Root Cause Analysis:
- Warm pool was initialized once and pushed a single slab after each refill
- When that slab was exhausted, it was discarded (not pushed back)
- Next refill would push another single slab, which was immediately exhausted
- Pool would oscillate between 0 and 1 items, yielding 0% hit rate

Solution: Secondary Prefill on Cache Miss
When warm pool becomes empty, we now do multiple superslab_refills and prefill
the pool with 3 additional HOT superlslabs before attempting to carve.

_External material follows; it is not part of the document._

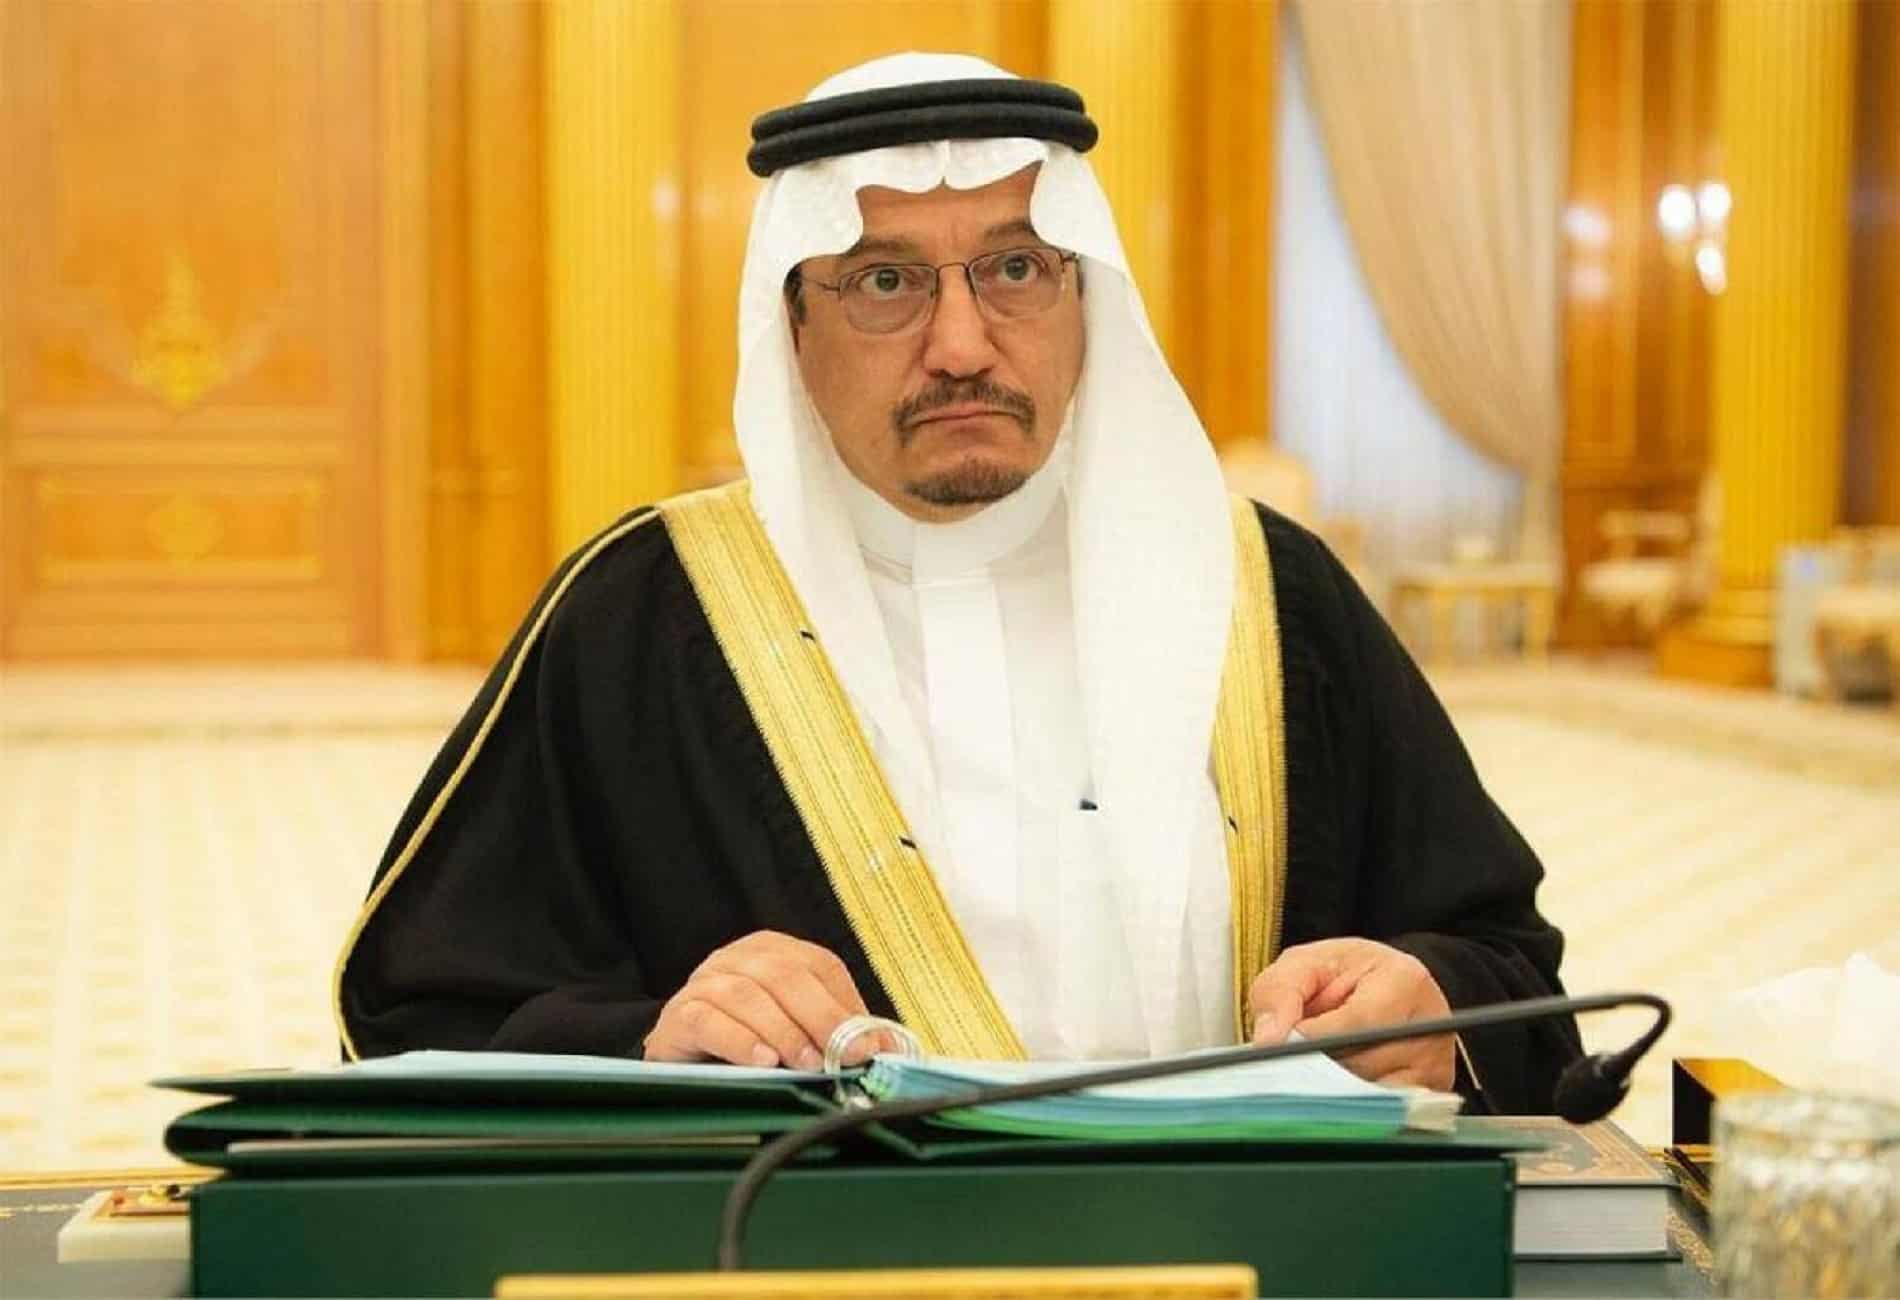   وزير التعليم السعودي يفتتح 8 مشروعات تعليمية بالمنطقة الشرقية

This
builds a working set of slabs that can sustain allocation pressure.

Implementation Details:
- Modified unified_cache_refill() cold path to detect empty pool
- Added prefill loop: when pool count == 0, load 3 extra superlslabs
- Store extra slabs in warm pool, keep 1 in TLS for immediate carving
- Track prefill events in g_warm_pool_stats[].prefilled counter

Results (1M Random Mixed 256B allocations):
- Before: C7 hits=1, misses=3976, hit_rate=0.0%
- After:  C7 hits=3929, misses=3143, hit_rate=55.6%
- Throughput: 4.055M ops/s (maintained vs 4.07M baseline)
- Stability: Consistent 55.6% hit rate at 5M allocations (4.102M ops/s)

Performance Impact:
- No regression: throughput remained stable at ~4.1M ops/s
- Registry scan avoided in 55.6% of cache misses (significant savings)
- Warm pool now functioning as intended with strong locality

Configuration:
- TINY_WARM_POOL_MAX_PER_CLASS increased from 4 to 16 to support prefill
- Prefill budget hardcoded to 3 (tunable via env var if needed later)
- All statistics always compiled, ENV-gated printing via HAKMEM_WARM_POOL_STATS=1

Next Steps:
- Monitor for further optimization opportunities (prefill budget tuning)
- Consider adaptive prefill budget based on class-specific hit rates
- Validate at larger allocation counts (10M+ pending registry size fix)

🤖 Generated with [Claude Code](https://claude.com/claude-code)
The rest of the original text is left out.